When you write out the listing, keep every word as it stands and drop the pictures.

» **MATERIAL PROVIDED**:
►

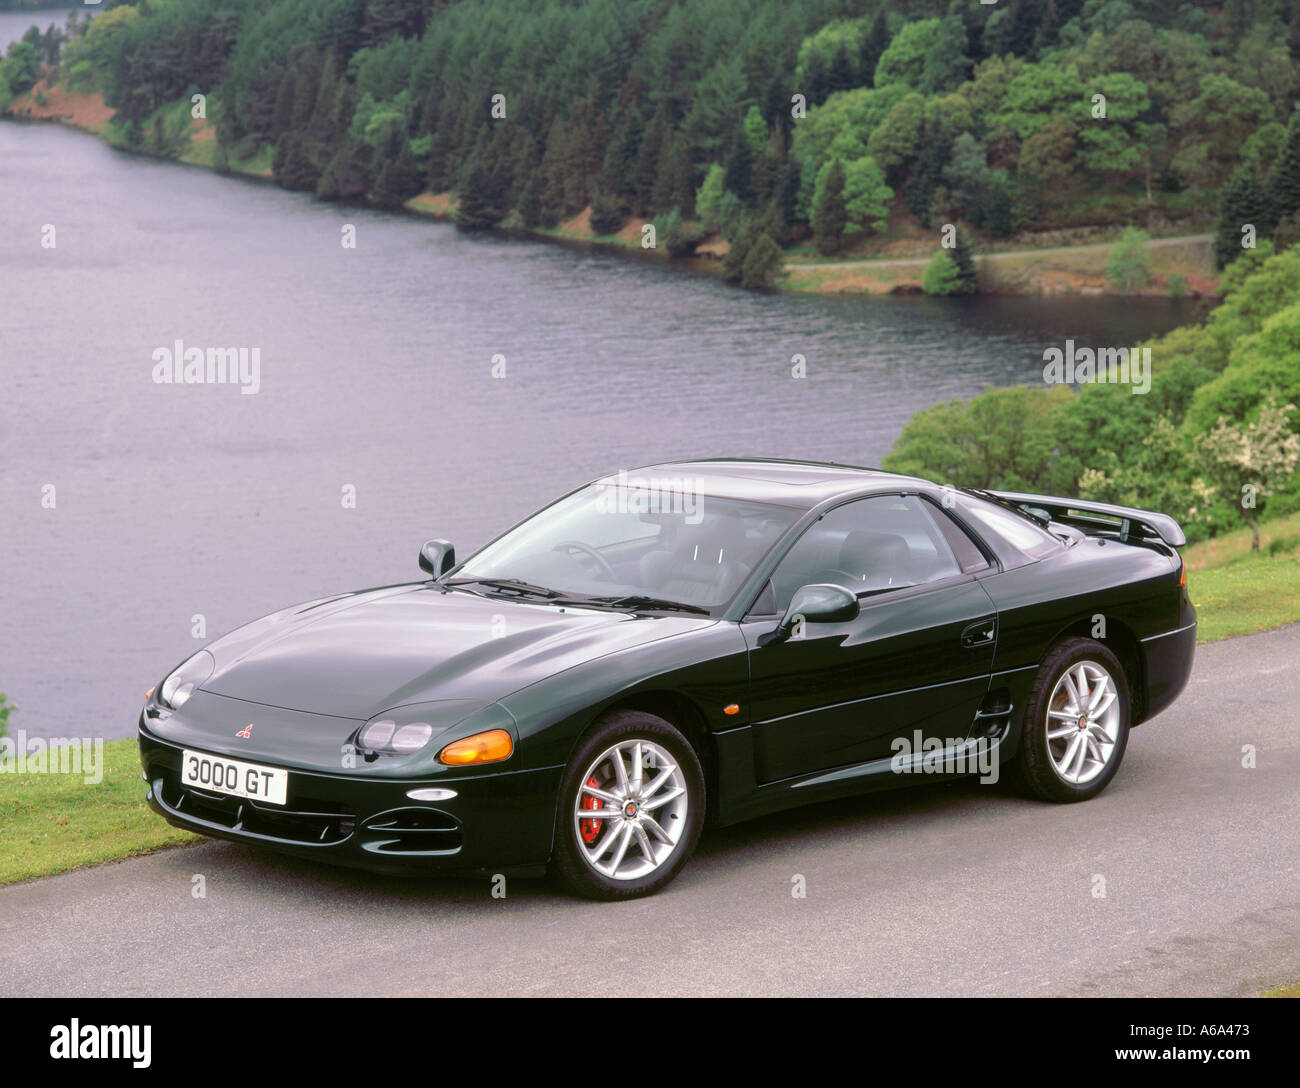 1999 Mitsubishi 3000 GT Stock Photo
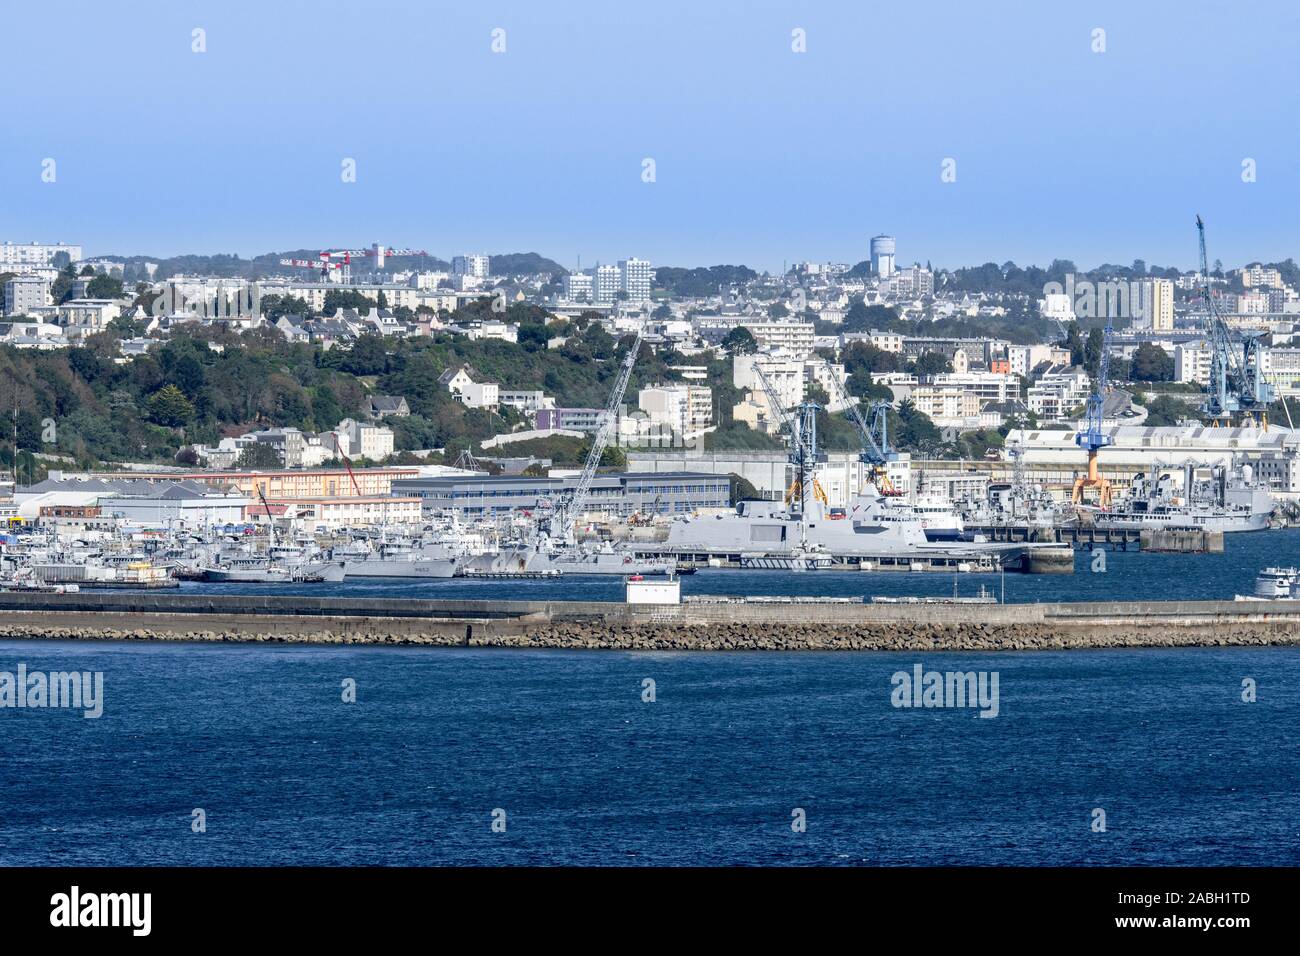 Schiffe der französischen Marine angedockt im militärischen Hafen / Hafen der Stadt Brest aus der Pointe des Espagnols, Finistère, Bretagne, Frankreich Stockfoto
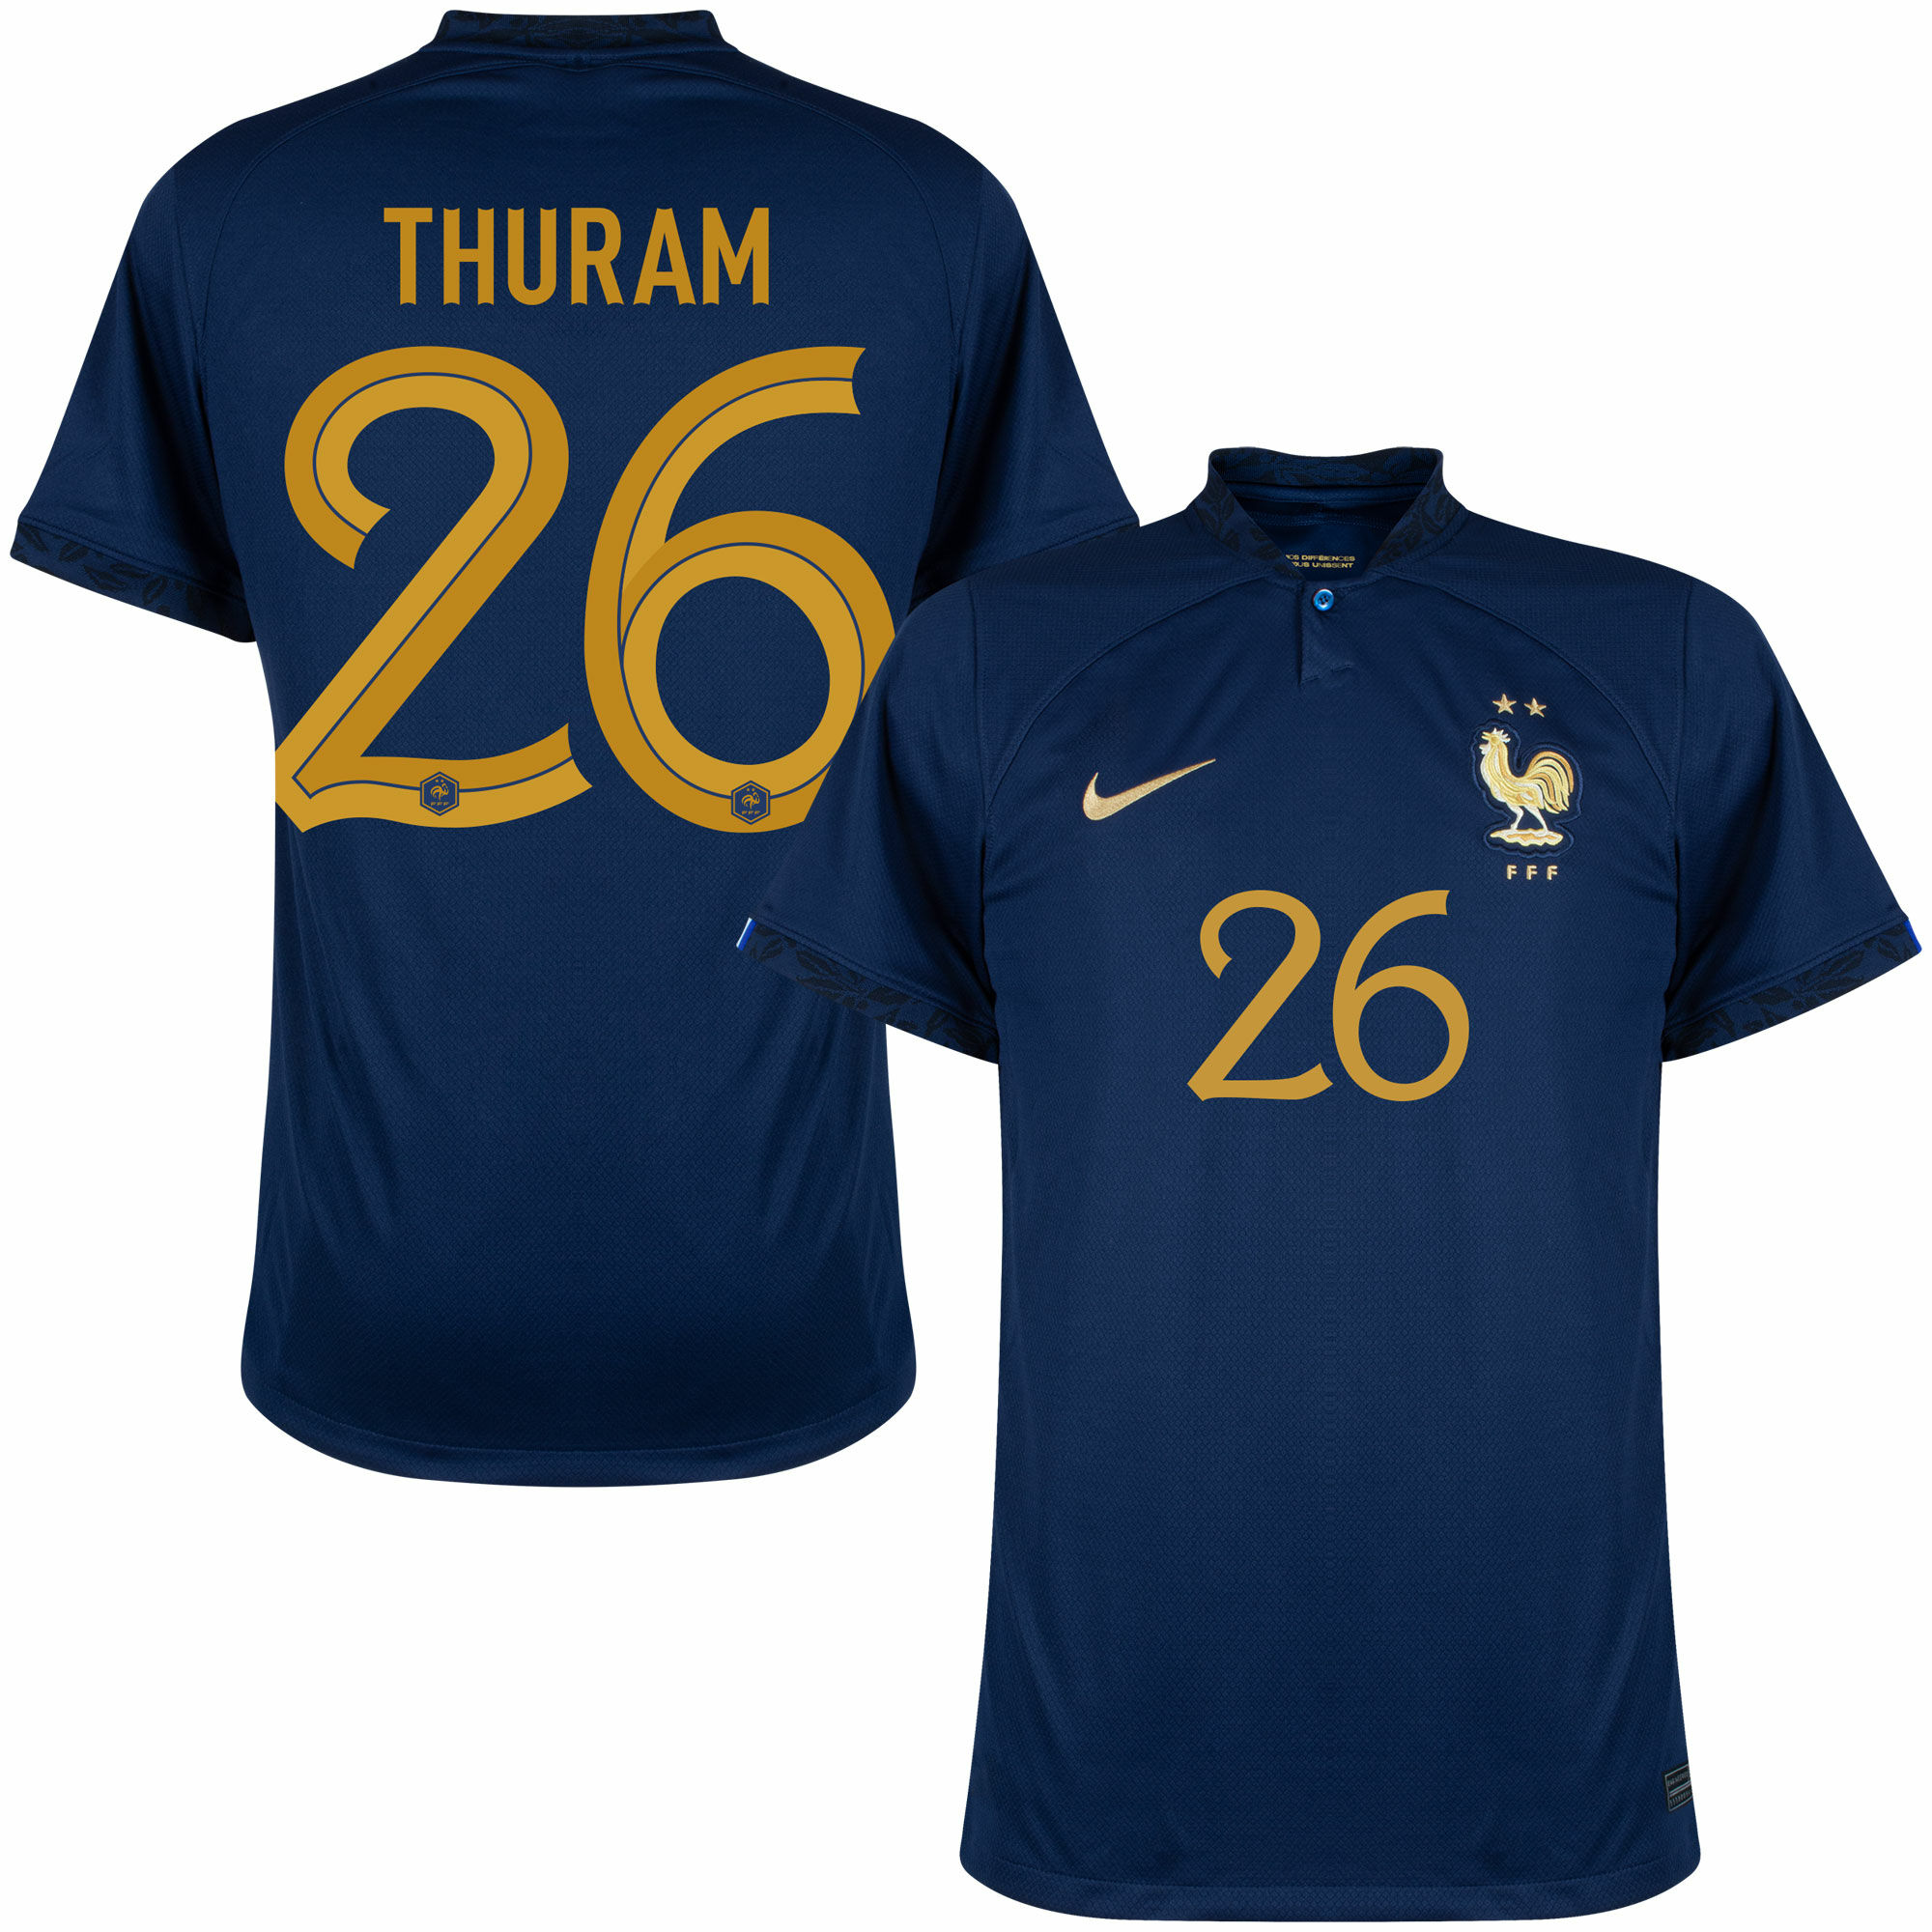 Francie - Dres fotbalový - oficiální potisk, Marcus Thuram, domácí, sezóna 2022/23, číslo 26, modrý

◄

» **SOLUTION FOR THIS TASK**:
 1999 Mitsubishi 3000 GT Stock Photo
 Schiffe der französischen Marine angedockt im militärischen Hafen / Hafen der Stadt Brest aus der Pointe des Espagnols, Finistère, Bretagne, Frankreich Stockfoto
 Francie - Dres fotbalový - oficiální potisk, Marcus Thuram, domácí, sezóna 2022/23, číslo 26, modrý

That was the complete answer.